Exercise prompt. Below are the entries. Print only the lines starting at the one with "Glenelg Land Resource" and ending at the one with "Ramassage et cueillette des olives", exactly, with no pictures.

___ Source data ___

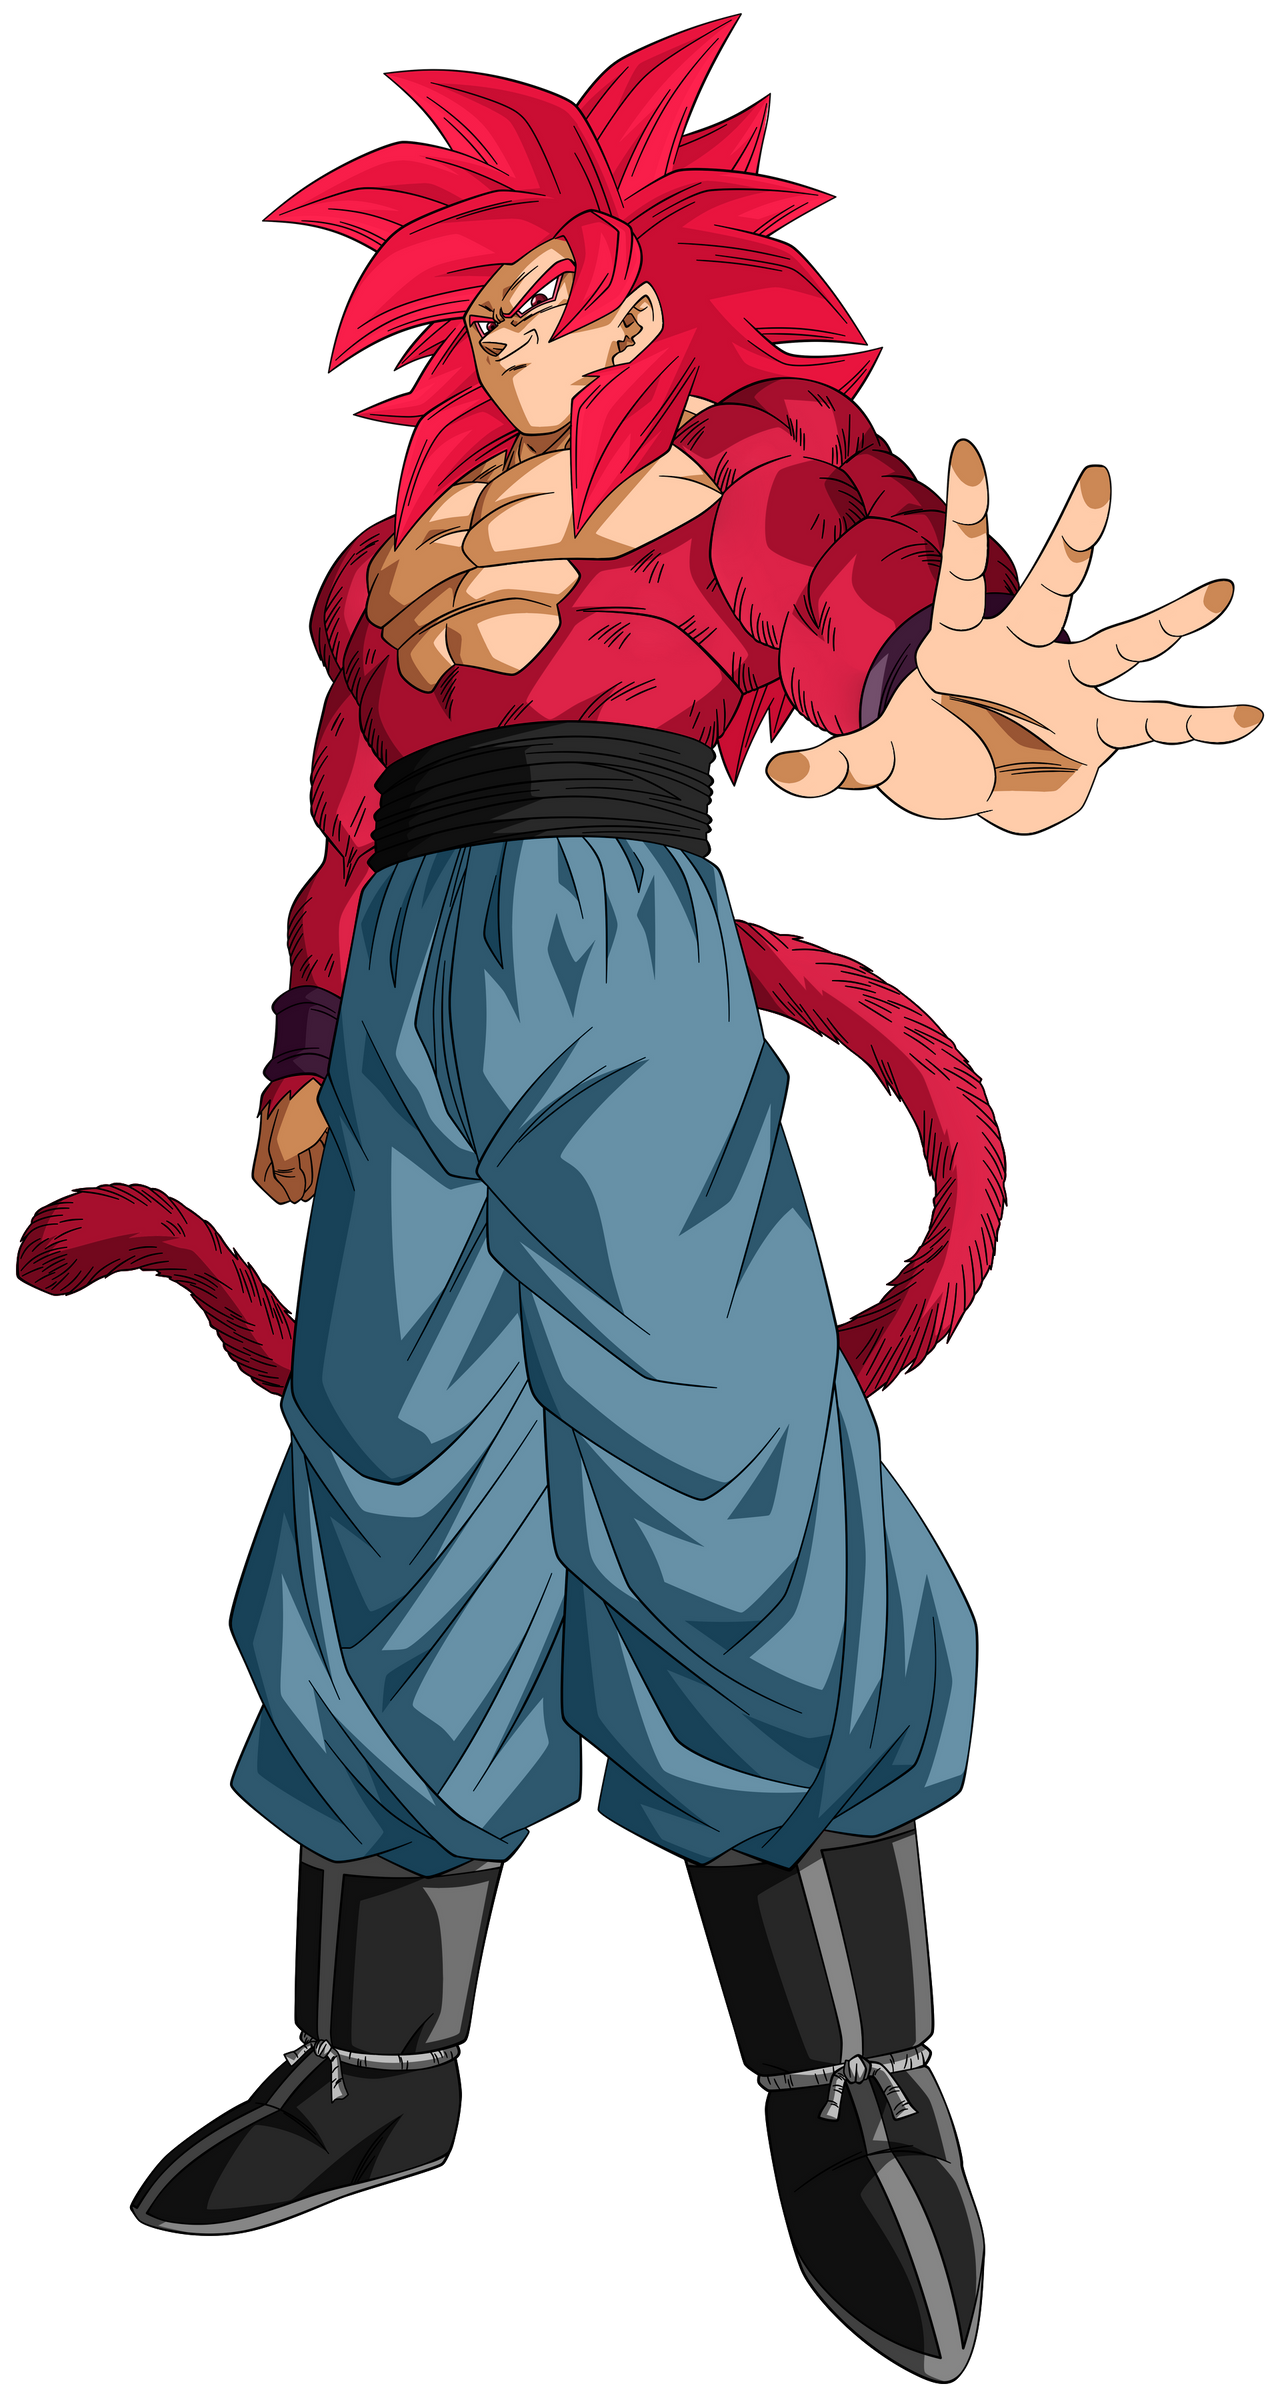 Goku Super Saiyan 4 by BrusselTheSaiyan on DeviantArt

___
___ Source data ___

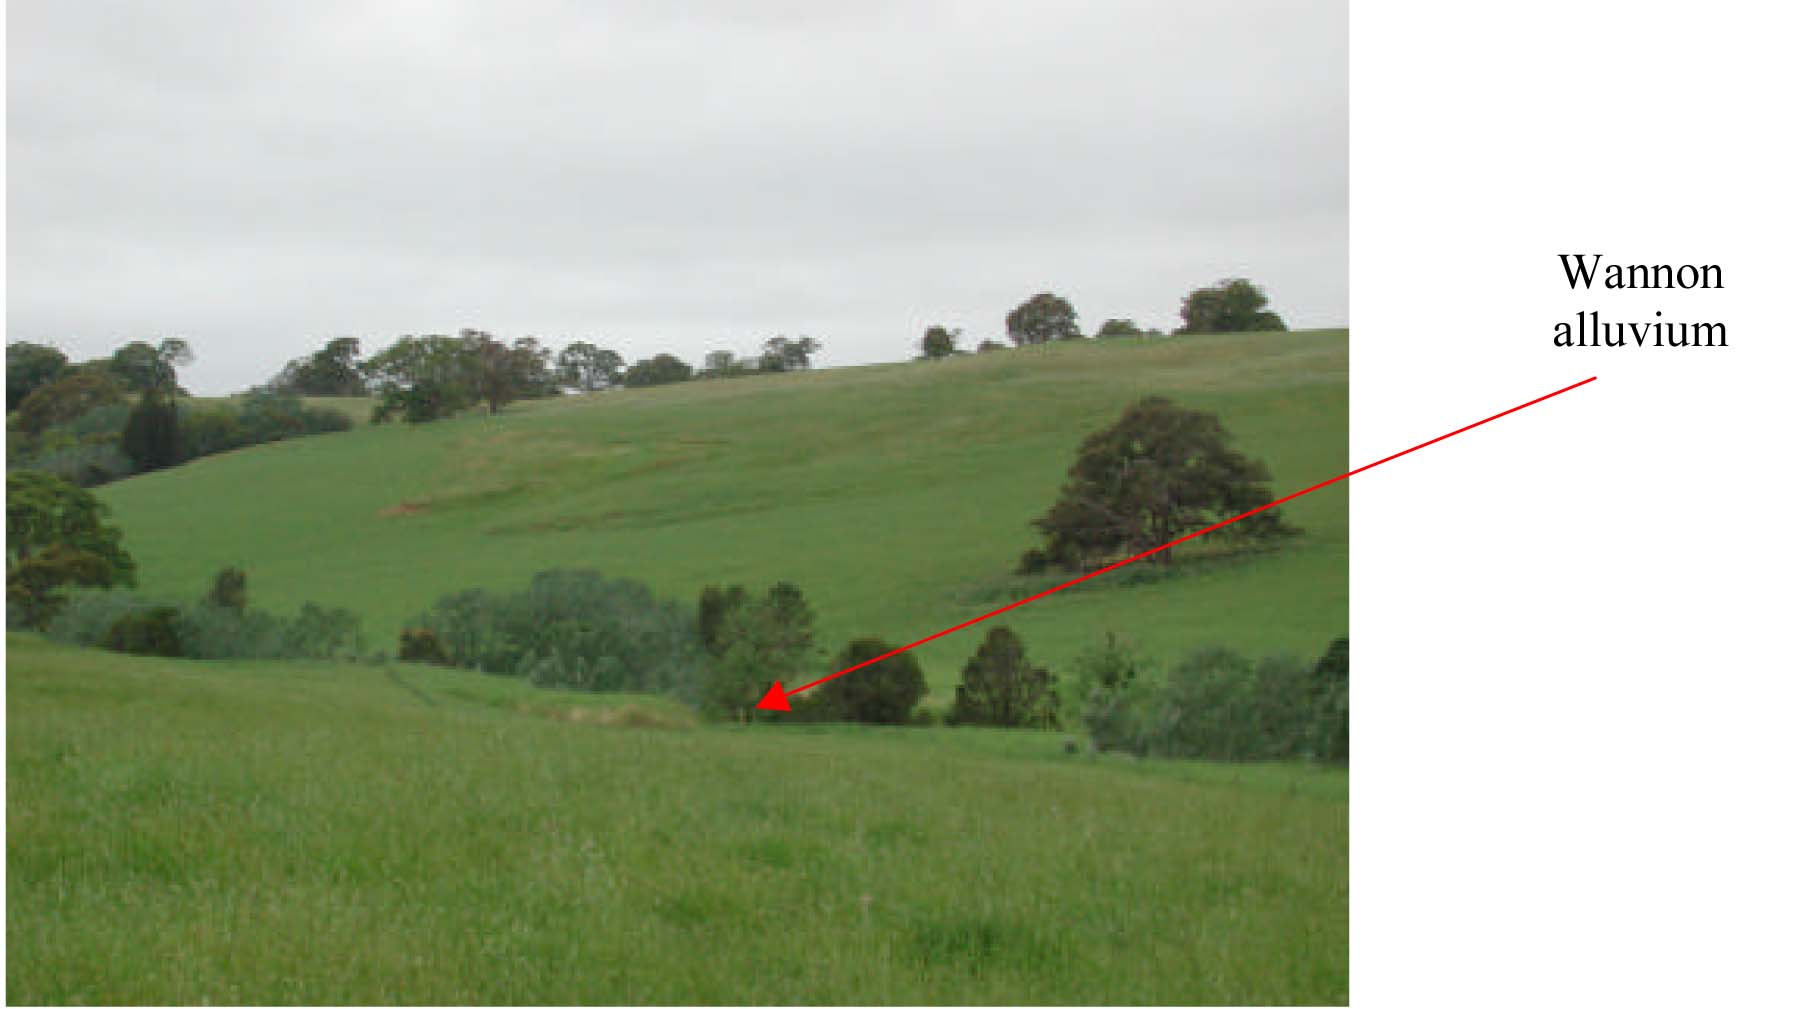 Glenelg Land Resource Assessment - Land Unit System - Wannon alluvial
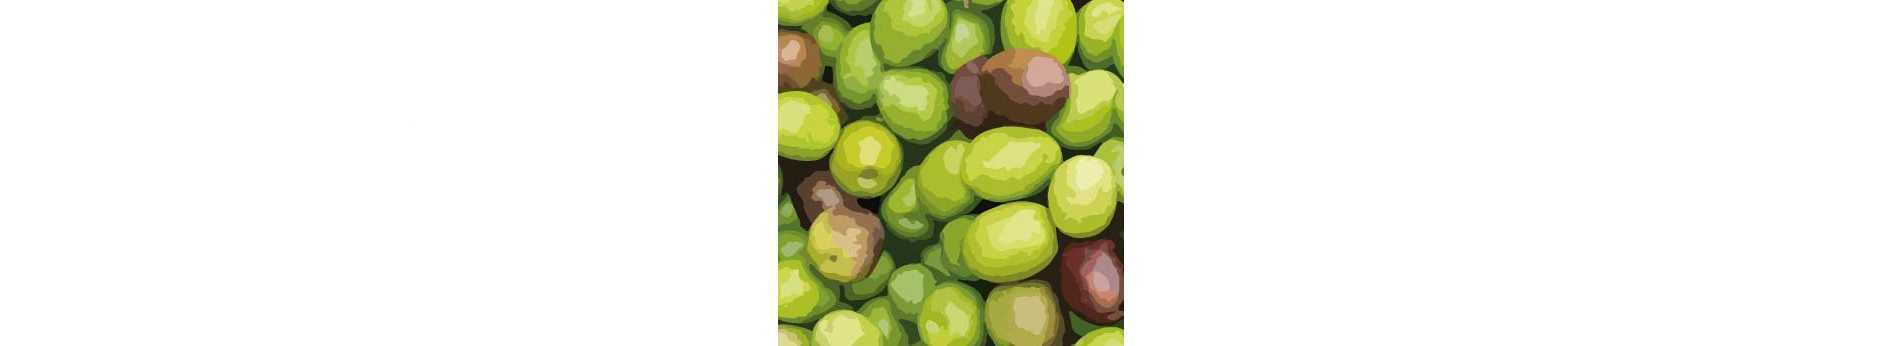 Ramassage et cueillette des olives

___

Exercise response.
 Glenelg Land Resource Assessment - Land Unit System - Wannon alluvial
 Ramassage et cueillette des olives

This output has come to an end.